But Charlotte explained her purpose, and implored, and put her in mind that Mrs. Beckett was gone, and she had no protector; and Martha relented, told her that if she had minded her she would never have been in the scrape at all, but agreed, not without satisfaction, to afford Mr. Delaford the society of his old acquaintance.
And so when Mr. Delaford, with his whiskers freshly curled and his boots in a state of fascinating polish, walked up Dynevor Terrace, the door was opened by Ellen, and the red-faced cook and the upright Mrs. Martha sat on either side the fire. Daintily did he greet them, and stand warming himself before the fire, adapting his conversation to them for the next ten minutes, before he ventured to ask whether Miss Arnold were still an inmate. ’Taking out dinner—taking in tea,’ gruffly replied Martha.
Mr. Delaford waited, but Ellen only ran in for one moment to fetch the kettle, and Martha discoursed as usual on the gold mines in Peru. By-and-by, when the parlour tea could by no possibility be supposed to be farther prolonged, there swept into the kitchen the stately nurse. Charlotte had run up to the nursery, and begged as a favour that she might be left to watch the children, while Mrs. Nurse entertained Mr. Delaford below-stairs; and in pity to so grand a gentleman, constrained to mix with such ‘low servants,’ the nurse had yielded, and Charlotte sat safe and sound by the nursery fire, smiling at his discomfiture, and reading over Tom’s letters with an easier conscience than for many a day.

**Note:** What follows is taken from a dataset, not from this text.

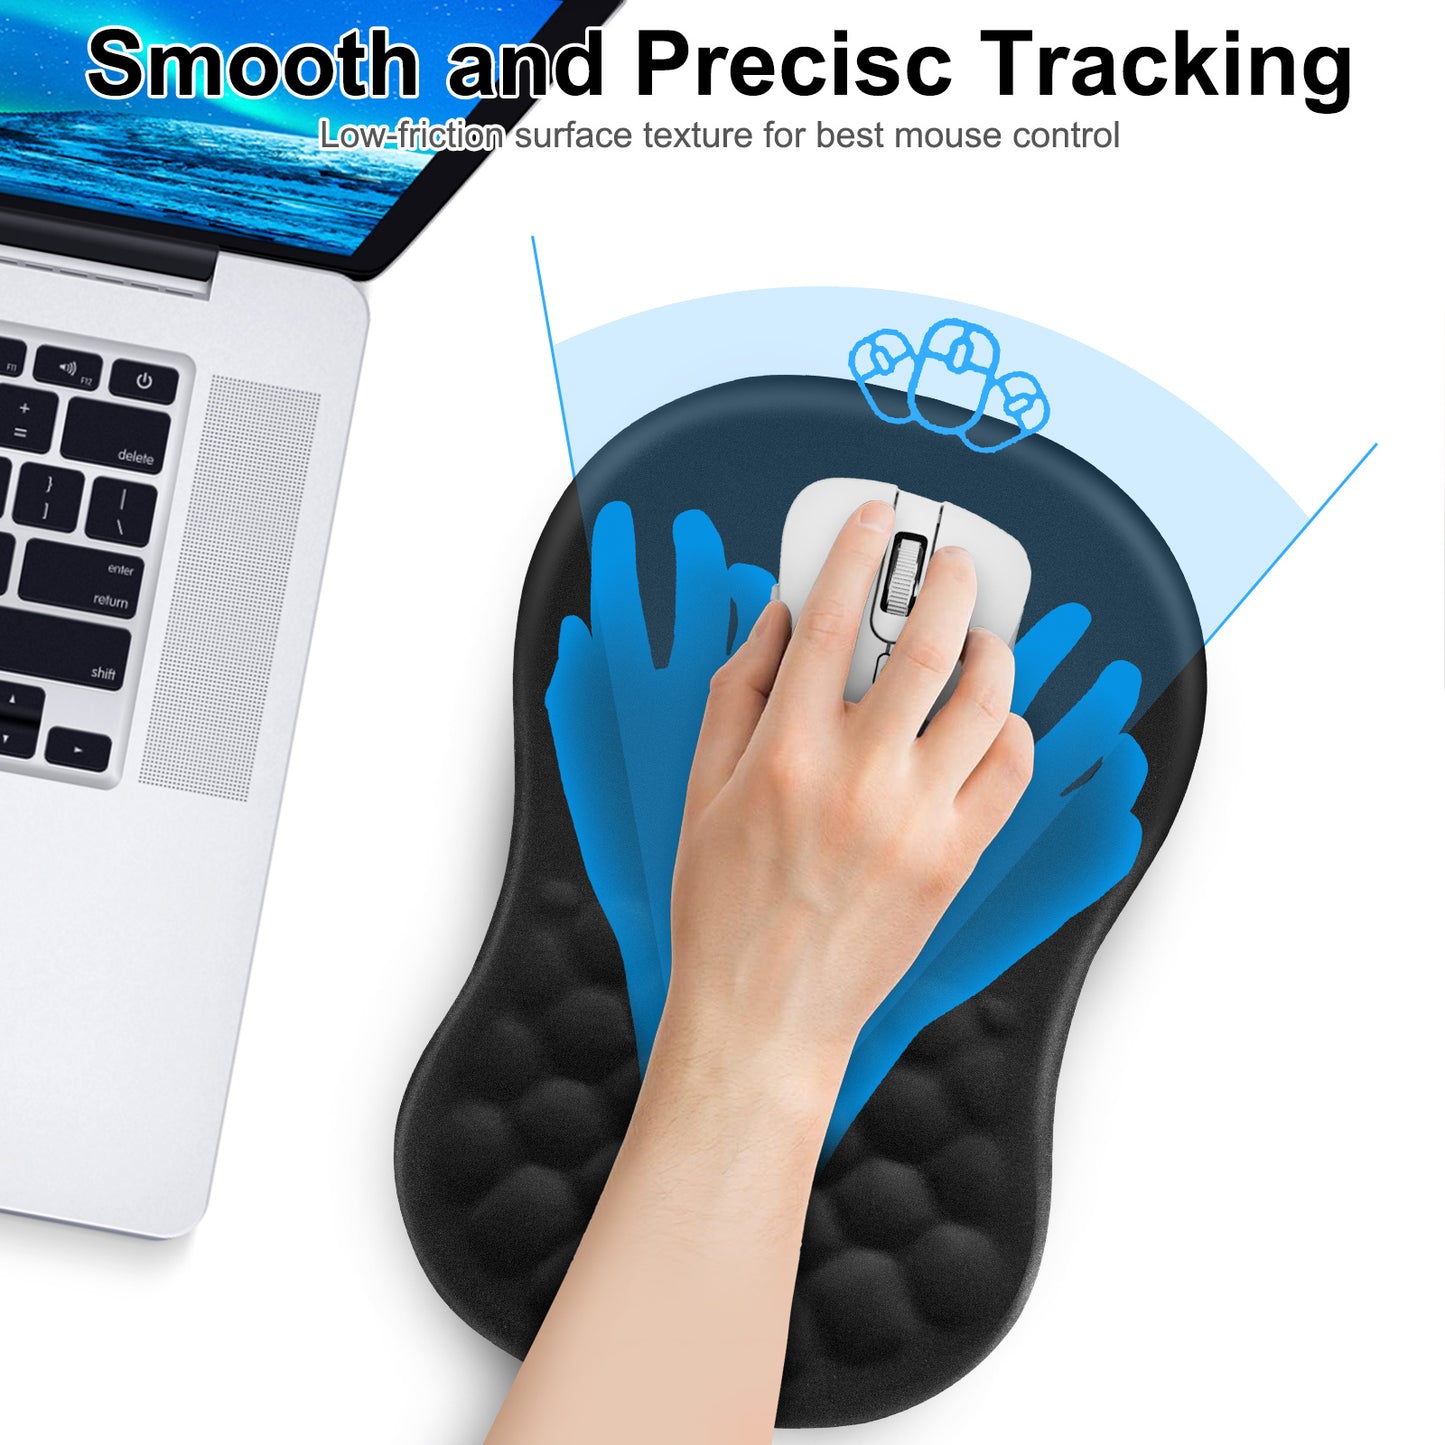 Ergonomic Wrist Support Mouse Pad - Wrist Rest with Memory Foam and Non-Slip PU Base for Pain Relief and Enhanced Functionality in Computer Activities (Black)

Mr. Delaford was too much of a gentleman to be uncivil to the three dames by the kitchen fire, but he watched every step and every creaking door. He even went the length of coming up to family prayers, in hopes of there meeting Charlotte; but she only joined the procession at the parlour door, and had flown upstairs, like a little bird, before he was out again.
The gentleman was affronted, and resolved to make her feel it. They could not but meet at the kitchen breakfast, and he barely acknowledged her. This was the most trying stroke of all, for it set her, in the eyes of the cook and nurse, on a level with the inferior servants, to whom he would not have deigned a look, and it was not easy to resist showing that she was on more familiar terms with him than all. But the instinct of self-protection and the wisdom of sincerity came to her aid. She abstained from raising her eyes to his face, from one conscious word or glance; she locked herself into her pantry when she took down the breakfast-things, and avoided every encounter, even when she had begun to feel that it would have been more flattering had he made more efforts. At last, dire necessity obliged her to accept his aid in carrying her mistress’s box down the stairs. He walked backwards, she forwards. She would not meet his eye, and he was too well-bred for one word on the stairs; but in the garden he exclaimed, ‘Miss Arnold, what have I done?’